Одинокое существительное чувствует себя ущербно и ущемлённо,
механизм, по ошибке лишённый проворных колёсиков-шестерёнок.
Надрываясь, молчит оно деликатно, чего-то сказать не может,
эдакая болезненная личинка слова — без рук и ножек.
Мимо него глаголы стремглав и надменно несутся куда-то вдаль,
только и поспевай за чертями такими, крути педаль.
А ему от прадедов по наследству — морфемное генетическое увечье,
ни лёгкости деепричастия у него, ни грации как у наречия.
И ни одно прилагательное в наборе не прилагается ни с этого, ни со второго
бока.
Одинокому существительному, поверьте, действительно одиноко.
У существительного такого несчастная, горестная планида:
ему приходится притворяться самовлюблённым для благопристойного вида.
А ведь вокруг пусть и самого захудалого существительного столько
отменных причастий – может быть, даже сто их.
Существительное без этих прекрасных дам вообще ничего не стоит.
Мораль сей басни такова.
Вы можете сказать: «Аптека. Улица. Фонарь»etcetera.
Мол, кратенький этюд изящней долгого и нудного концерта.
Но как по мне — уж если наш язык могуч, велик, богат,
то нужно беззастенчиво использовать его бесценные поистине блага.
И делать речь свою насыщенной, как кислородом, словом, удивительной.
И потому мне вправду жаль печальных, одиноких существительных.
***
«Любит, любит кровушку
Русская земля».
А.А. Ахматова
Простыни и пелёнки, рваные полотенца
пенятся на верёвке, в сиром белея небе. Вставай же,
страна огромная.
Хватит тебе младенцем, заспанным ребятёнком,
слушая отзвуки грома, нежится в колыбели.
Время громов июльских, утренний час неспящих.
Будут тебе на бирюльки — солдатики настоящие:
ресницы длиннее бабьих, пух над губой, веснушки.
Станет тебе забавой
голос голодных пушек, зов деревянных ящиков.
Вот человек, смотри-ка. Он состоит из глины,
он состоит из теста. Вставай же, страна великая.
Тебе в колыбели тесно.
Слышится крик журавлиный.

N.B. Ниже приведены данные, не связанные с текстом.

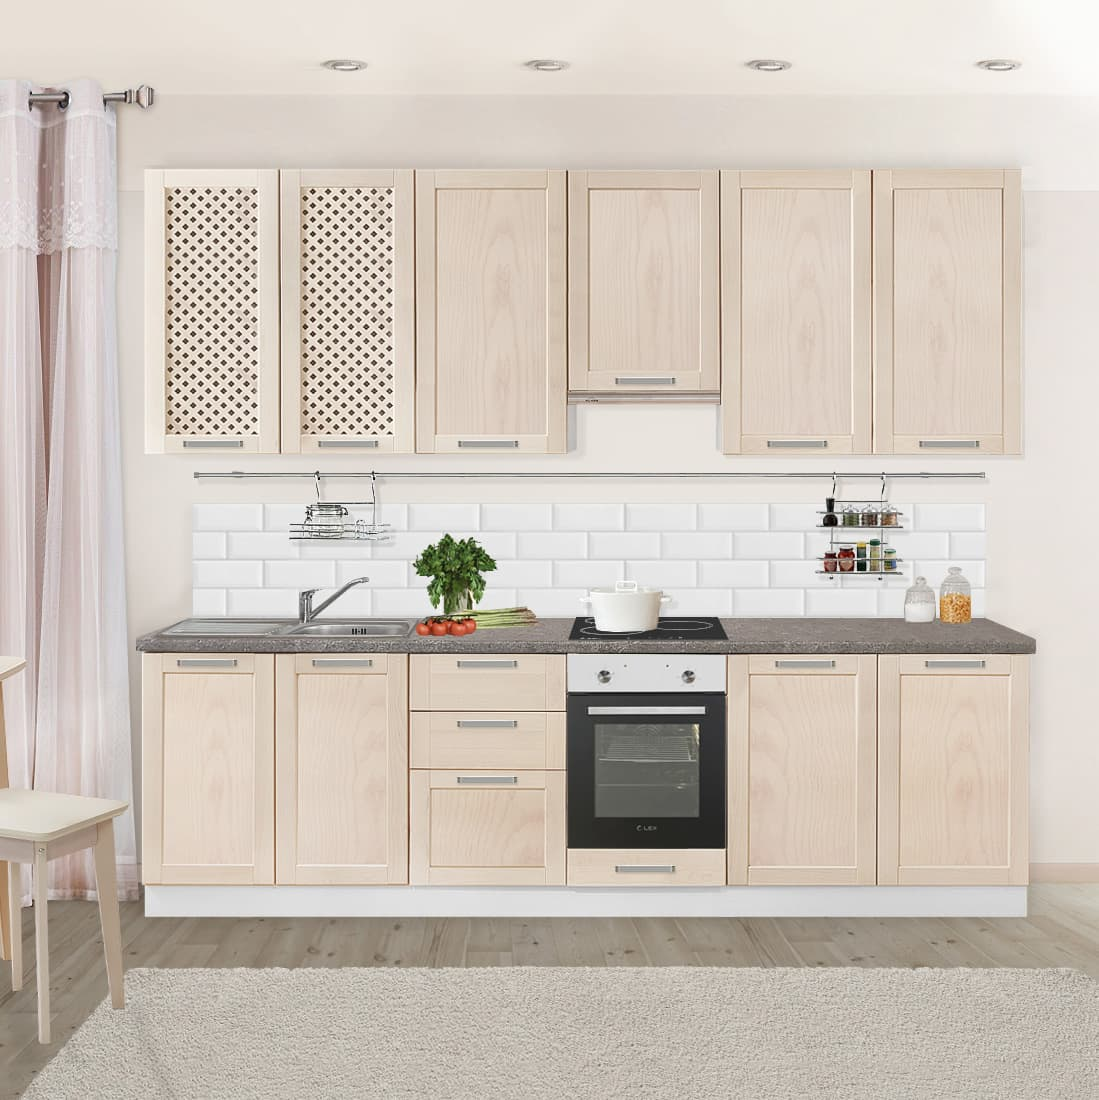 Кухня модульная #КБ_3025. Фасады массив березы. Цвет Выбеленная береза

Мать постарела ночью.
Ветер рвёт полотенца.
Утро пришло досрочно.
Падают на умывальник солнца случайные блики.
Ветер не убывает, шторм на верёвке ожил,
игрушки твои проснулись.
Умойся водой студёной, лучом обласкай хрусталик.
Каждый советский ребёнок
день начинать свой должен, перекрестясьна сталинский
струйкой аленькой юшки мироточащий лик.
Нет
Настоящие поэты, как и все настоящие художники,
не сомневаются нисколько и никогда в природном своём таланте,
потому что они подсматривали сквозь полупрозрачную кожу
век, когда бог с поцелуем склонялся над их кроватями.
<…>
Полое
Не оттого мы завидуем детям, что жизнь их длиннее нашей,
что зубы вырастут новые, что волосы пахнут костром,
что будет высокого роста с плечами в косую сажень
и станет актёром, что сразу понятно, коли глядеть востро;
Не оттого, что у нас у самих спичечный жребий короток,
и малая горстка хлебных решений впотьмах остаётся на выбор:
а) жить с нелюбимым в коричневой однокомнатке,
b) скорым в пять-сорок — Москва-Бологое-Выборг.
Но оттого мы завидуем детям, что им ещё сравнивать не с чем:
всё-то впервые во влажных зрачках округло отражено.
Им совершенно необязательно помнить про жребий, про чёт и нечет,
про поезд, на север ушедший, в кармане с чужой женой.